Cost-effective one-pot preparation of nanoporous phenolic resins for efficient CH4 purification from C1-C3 light hydrocarbons in natural gas

Cost-effective preparation of functional nanoporous organic polymers as well as utilization of organic contaminants as starting monomers were of great interest. In this works, adopting either organic contaminant bisphenol A(BPA) or 1,1,1-tris(4-hydroxyphenyl)ethane(THE) as a counterpart to polymerize with the aromatic aldehyde-based monomers resulted highly stable hyper-crossed-linked functional porous phenolic resins networks via a facile one-pot condensation reaction. The as-synthesized resins were evaluated by Fourier-transformed infrared spectra(FTIR), solid-state nuclear magnetic resonance(SSNMR), X-ray diffraction(XRD), thermal gravimetric analysis(TGA), scanning electron microscopy(SEM), transmission electron microscope(TEM), and 77 K nitrogen adsorption et al.

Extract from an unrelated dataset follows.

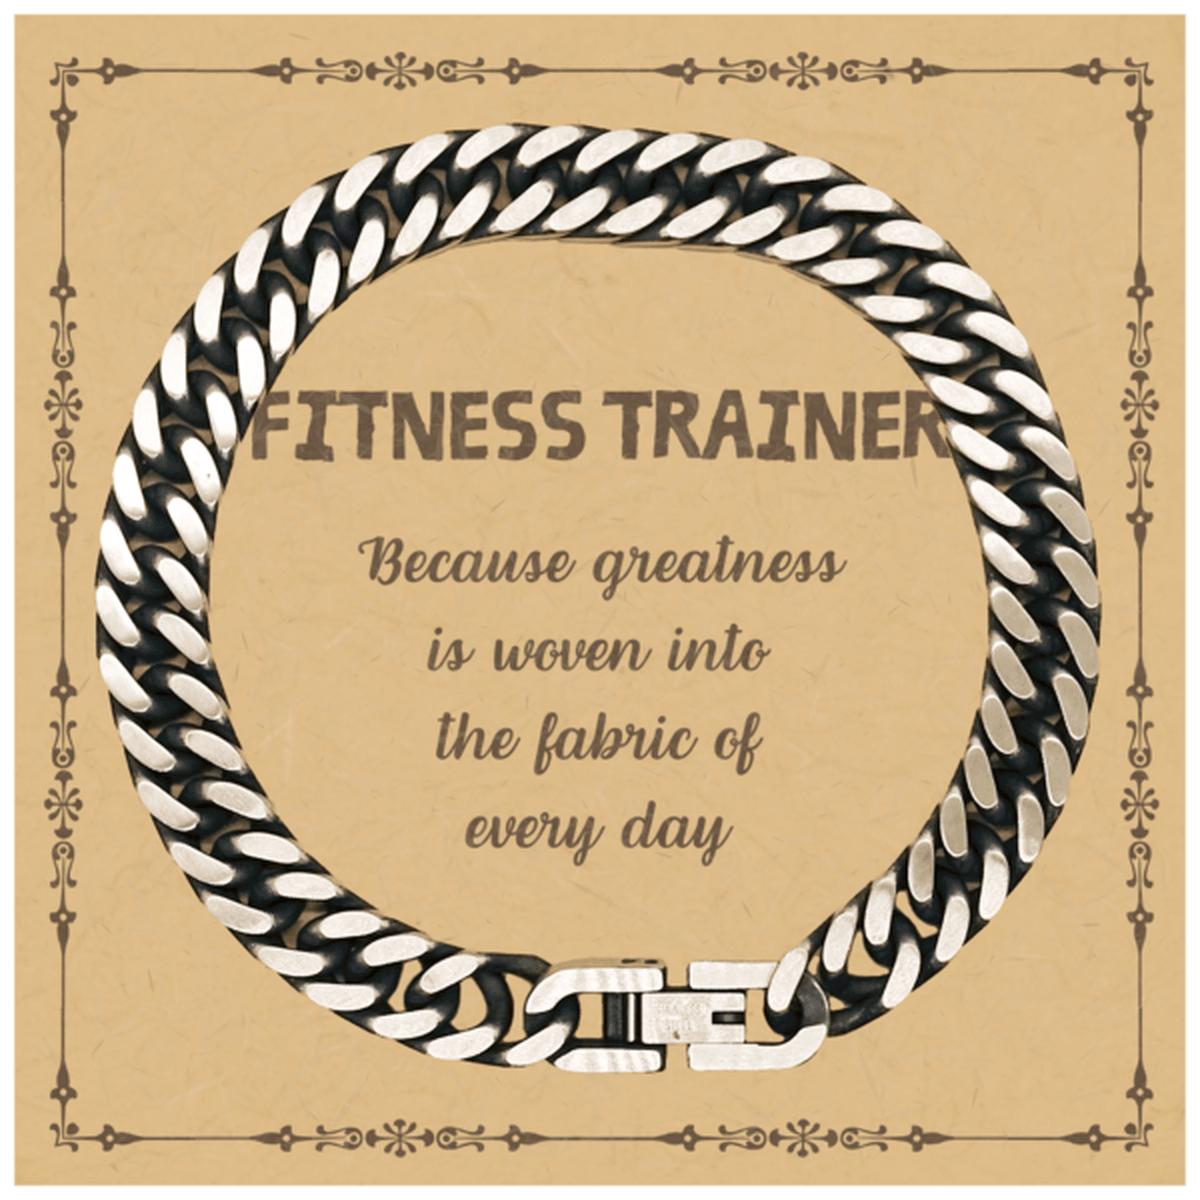 Sarcastic Fitness Trainer Cuban Link Chain Bracelet Gifts, Christmas Holiday Gifts for Fitness Trainer Birthday Message Card, Fitness Trainer: Because greatness is woven into the fabric of every day, Coworkers, Friends - Mallard Moon Gift Shop

The steric geometry difference of building monomers endowed the porous phenolic resins networks possessing the Brunauer-Emmett-Teller(BET) special surface areas from 510 to 821 m² g⁻¹ as well as pore volume from 0.35 to 0.48 cm³ g⁻¹. Furthermore, ideal adsorbed solution theory (IAST) investigation displayed that the three polymers owned good CH₄ purification performance, and the selectivities of C₃H₈/CH₄, C₂H₆/CH₄ and CO₂/CH₄ reached 241.3, 37.7, and 10.4 at 298 K/1bar, respectively. Accordingly, the hydroxyl-rich porous phenolic resins networks with prominent stabilities acquired in this effort manifested potential applications for the CH₄ purification from C₁-C₃ light hydrocarbons.